In patients with chronic limb-threatening ischemia, or CLTI, the Esprit BTK drug-eluting scaffold was able to cut the number of repeat vascularization procedures by about half through a period of two years—or 48%, compared to people who underwent standard balloon angioplasty.
The findings from the company’s randomized LIFE-BTK trial evaluated more than 260 people at risk of amputation and were presented as a late-breaking study at the VIVA conference in Las Vegas. One-year data were previously spotlighted at 2023’s TCT meeting, where Esprit BTK showed it could reduce the rate of the treated blood vessel re-narrowing by about 25%.
At the two-year timepoint, that improvement increased to about 35%; according to Abbott, 90% of Esprit BTK patients did not require a reintervention after 24 months, while about 61% were free from CLTI symptoms compared to 33% in the control arm.
The scaffold is made of a naturally dissolving material that is absorbed by the body over a period of about three years, similar to certain sutures. It also releases a dose of the immunosuppressant everolimus, similar to Abbott’s metal drug-laden stents.
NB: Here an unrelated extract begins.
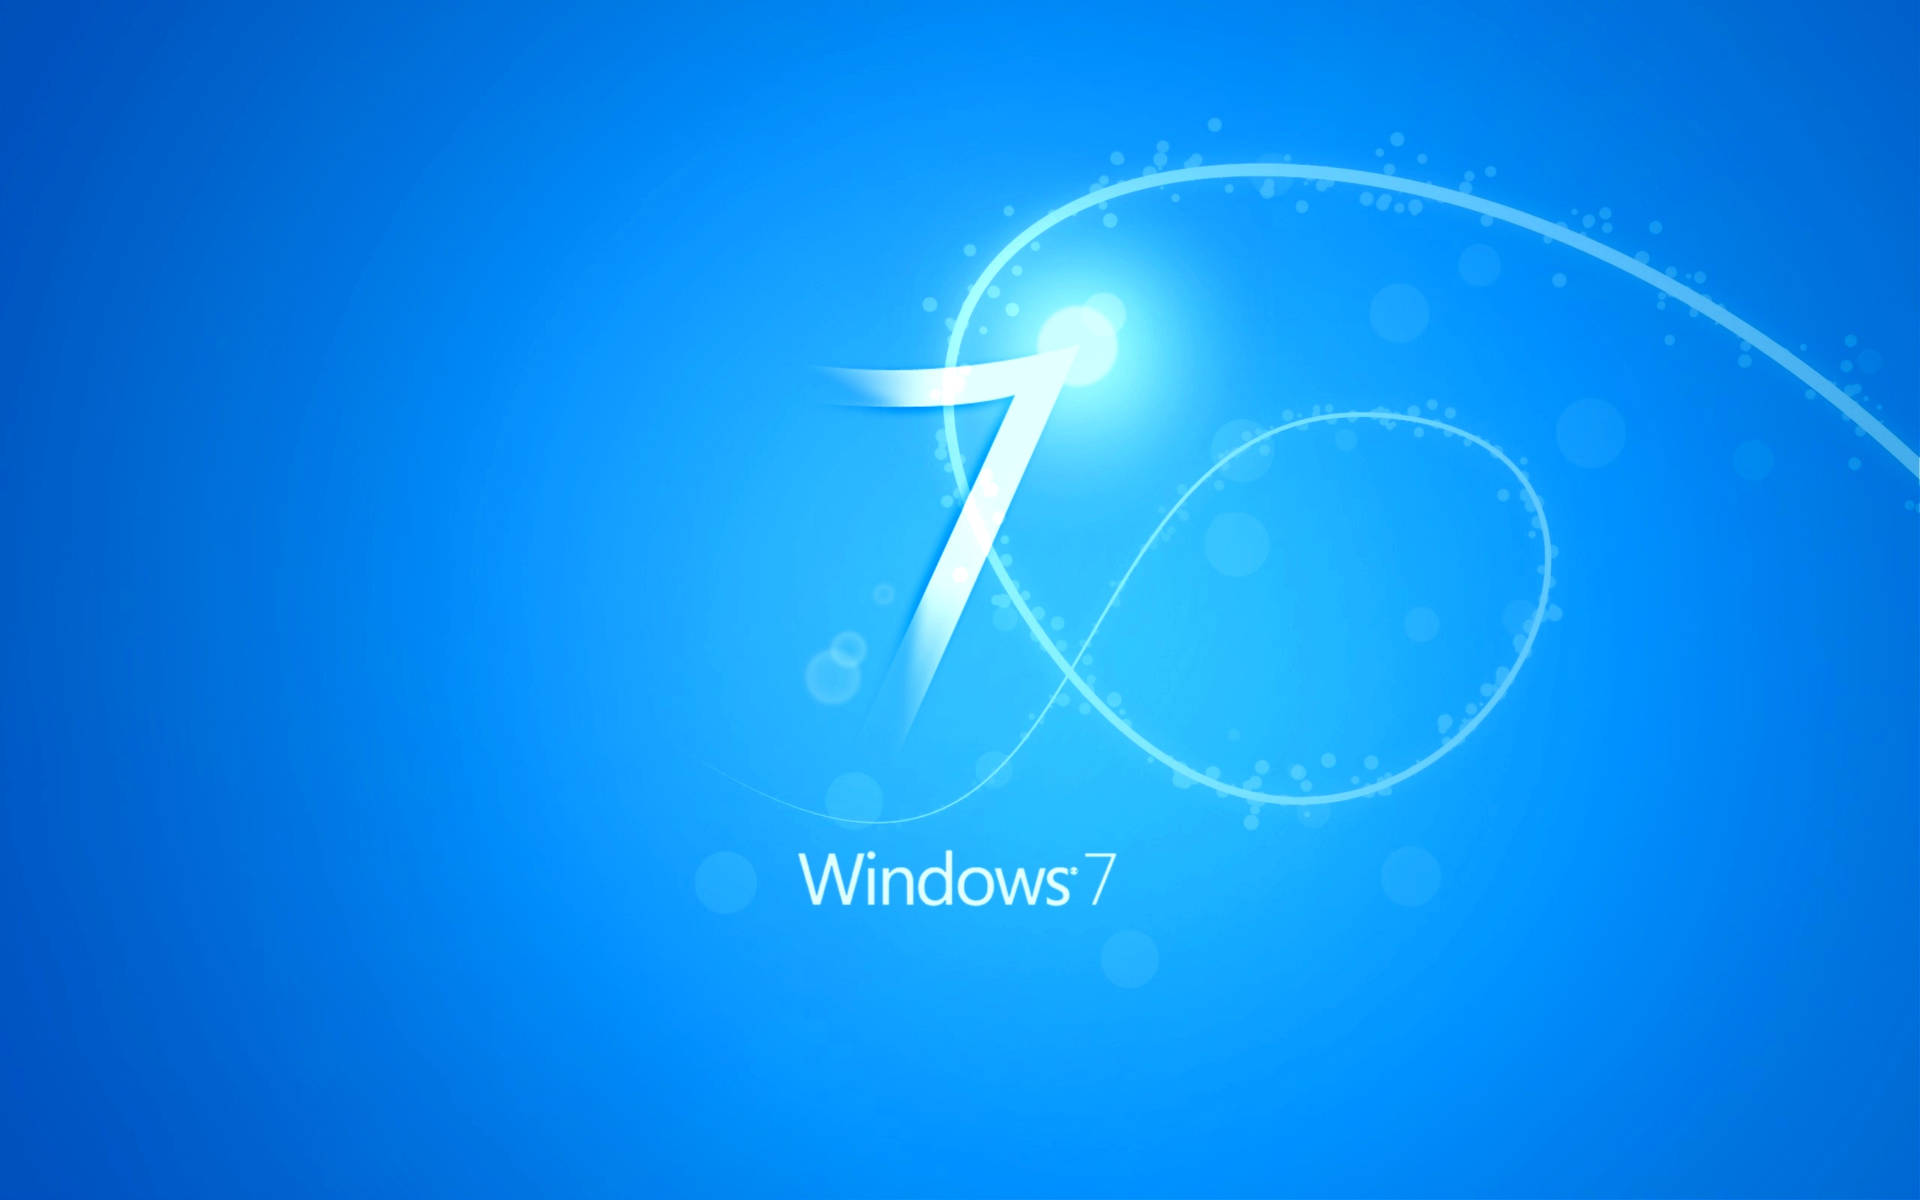 Enjoy A Bright Blue Windows 7 Desktop Wallpaper

The FDA gave Esprit BTK a green light this past April—delivering a new treatment option for below-the-knee patients, as there have been no other approvals of stents or drug-coated balloons for the lower legs’ small, twisting arteries.
However, earlier this week the agency gave the go-ahead for R3 Vascular to conduct a human clinical trial of its Magnitude sirolimus-eluting, bioresorbable scaffold. That Silicon Valley startup raised $87 million this past May in venture capital funding to deliver a potential competitor in the space.